The character identification described above is a process of calculating a similarity between a character image and each recognition target character type, and obtaining a candidate character based on the calculated similarity. In order to increase the usefulness of the OCR device, the accuracy of this character identification is important. However, if the recognition result is suspicious, it is also important to reject the recognition result to inform it.
FIG. 12 is a diagram for illustrating examples of non-characters and ambiguous characters. Examples of objects to be rejected include non-characters as shown in a character example 1201 in FIG. 12 and ambiguous characters as shown in a character example 1202. Non-characters include, for example, a part of characters due to a mistake in character extraction, an image in which a plurality of characters are combined, or a mixture of disturbance factors such as dirt. An ambiguous character is, for example, a character that cannot be distinguished from 7 and 9 as in the leftmost image of the character example 1202.
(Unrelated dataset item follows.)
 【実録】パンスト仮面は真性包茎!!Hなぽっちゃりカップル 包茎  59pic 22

If the rejection process is elaborate, there are several advantages. One is that if the result is saved with erroneously recognized characters, the entire recognized result must be manually rechecked to remain incorrect or to correct this. On the other hand, if the recognition result is suspicious and can be notified to the user, the user only has to correct that portion. Also, if the rejection can be performed with high accuracy, it is determined that there is a possibility that the previous processing may have failed, such as preprocessing, character line extraction, character extraction, etc. You can try the process again by changing the processing method and processing conditions. Thereby, recognition accuracy can be raised.

以下では、正しく文字画像中の文字を認識する率を正読率、誤って認識する率を誤読率、認識結果を棄却する率を棄却率とよぶことにする。正読率、誤読率、棄却率の和は１となる。一般に、棄却を強くしすぎると、誤読していたものを棄却するようになるだけでなく、正しく読めていたもののうちいくつかは棄却してしまうため、正読率、誤読率ともに低くなる。そのため、棄却は、正読率をなるべく落とさないように、かつ、誤読率を減少させることが望ましい。
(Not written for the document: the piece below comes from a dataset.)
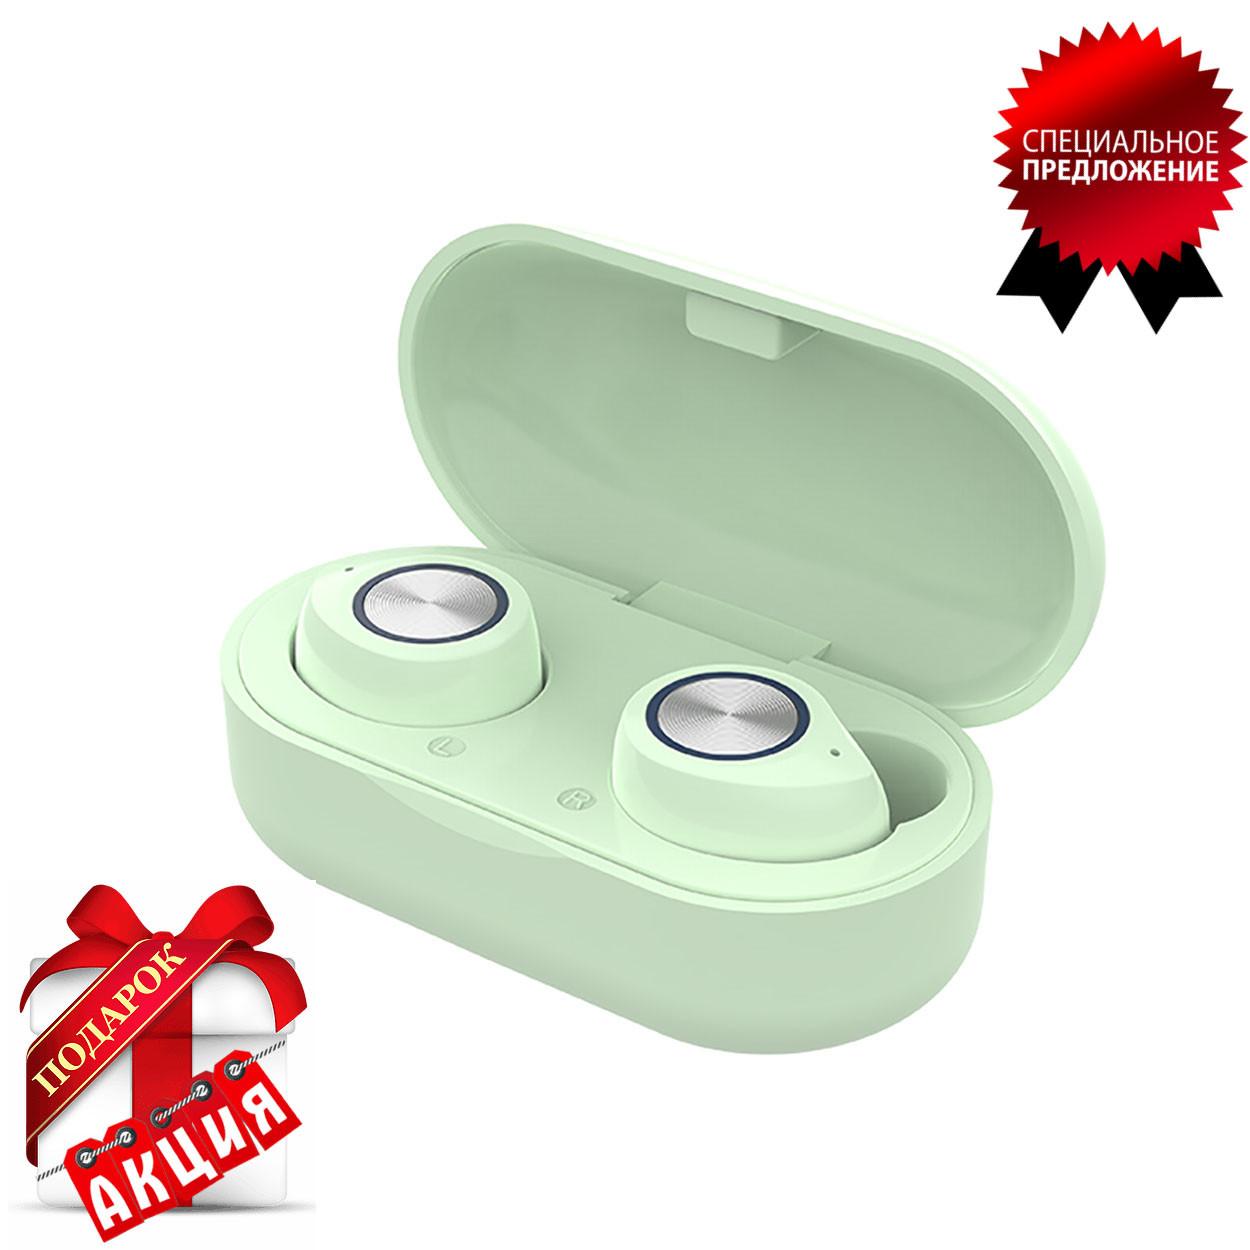 Наушники беспроводные блютуз гарнитура Bluetooth наушники 5.0 Wi-pods TW60. Зеленые

棄却の方法について説明する。入力画像から抽出されたＮ次元ベクトルをｘとする。また、第一位候補文字ｋ１に対応する識別関数をｆｋ１とする。このとき、ｆｋ１（ｘ）は文字種ｋ１に対する類似度である。ｒ１（ｘ）＝−ｆｋ１（ｘ）とおくと、ｒ１（ｘ）は、文字種ｋ１に対する非類似度とみなすことができる。そのため、閾値ｈ１をあらかじめ定めておき、ｒ１（ｘ）＞ｈ１のとき、非類似度が高い（類似度が低い）として棄却の判断をする。これは、入力画像が非文字であったとき、第一位候補の文字に対しても類似度が低いことが想定されるため、非文字の棄却を想定したものである。
さらに、第二位候補文字ｋ２に対応する識別関数をｆｋ２とする。このとき、ｆｋ２（ｘ）は文字種ｋ２に対する類似度である。また、ｆｋ１（ｘ）≧ｆｋ２（ｘ）となる。ｒ２（ｘ）＝ｆｋ２（ｘ）−ｆｋ１（ｘ）とおくと、このｒ２（ｘ）の値が大きいほど、ｆｋ１（ｘ）とｆｋ２（ｘ）の値が近いことになる。このとき、第一位候補文字と第二位候補文字の間で識別が曖昧であることを示している。そのため、閾値ｈ２をあらかじめ定めておき、ｒ２（ｘ）＞ｈ２のとき、識別結果が曖昧であるとして棄却する。
図１３は、棄却対象となる画像の例を示すための図である。
ほかにも、特許文献４では、図１３の文字例１３０１のような文字のかすれ度合いｒ３（ｘ）や、文字例１３０２のような文字のつぶれ度合いｒ４（ｘ）を算出して、それを基に棄却判定を行う方法が記載されている。あらかじめ閾値ｈ３を定めておいて、ｒ３（ｘ）＞ｈ３となったときには、かすれが大きいため棄却する。また、あらかじめ閾値ｈ４を定めておいて、ｒ４（ｘ）＞ｈ４となったときには、つぶれが大きいため棄却する。
Hereinafter, the rate of correctly recognizing characters in a character image is referred to as a correct reading rate, the rate of erroneously recognizing is referred to as a misreading rate, and the rate of rejecting recognition results is referred to as a rejection rate. The sum of the correct reading rate, the misreading rate, and the rejection rate is 1. In general, if the rejection is made too strong, not only the misreads are rejected, but also some of the correct readings are rejected, so both the correct reading rate and the misreading rate are lowered. For this reason, it is desirable that the rejection does not decrease the correct reading rate as much as possible and reduces the misreading rate.
The method of rejection will be explained. Let an N-dimensional vector extracted from the input image be x. Also, the identification function corresponding to the first candidate character k1 is assumed to be fk1. At this time, fk1 (x) is the similarity to the character type k1. If r1 (x) = − fk1 (x), r1 (x) can be regarded as a dissimilarity with respect to the character type k1. Therefore, the threshold value h1 is set in advance, and when r1 (x)> h1, it is determined that the dissimilarity is high (similarity is low) and the rejection is determined. In this case, when the input image is non-character, it is assumed that the degree of similarity is low even for the first candidate character, and therefore non-character rejection is assumed.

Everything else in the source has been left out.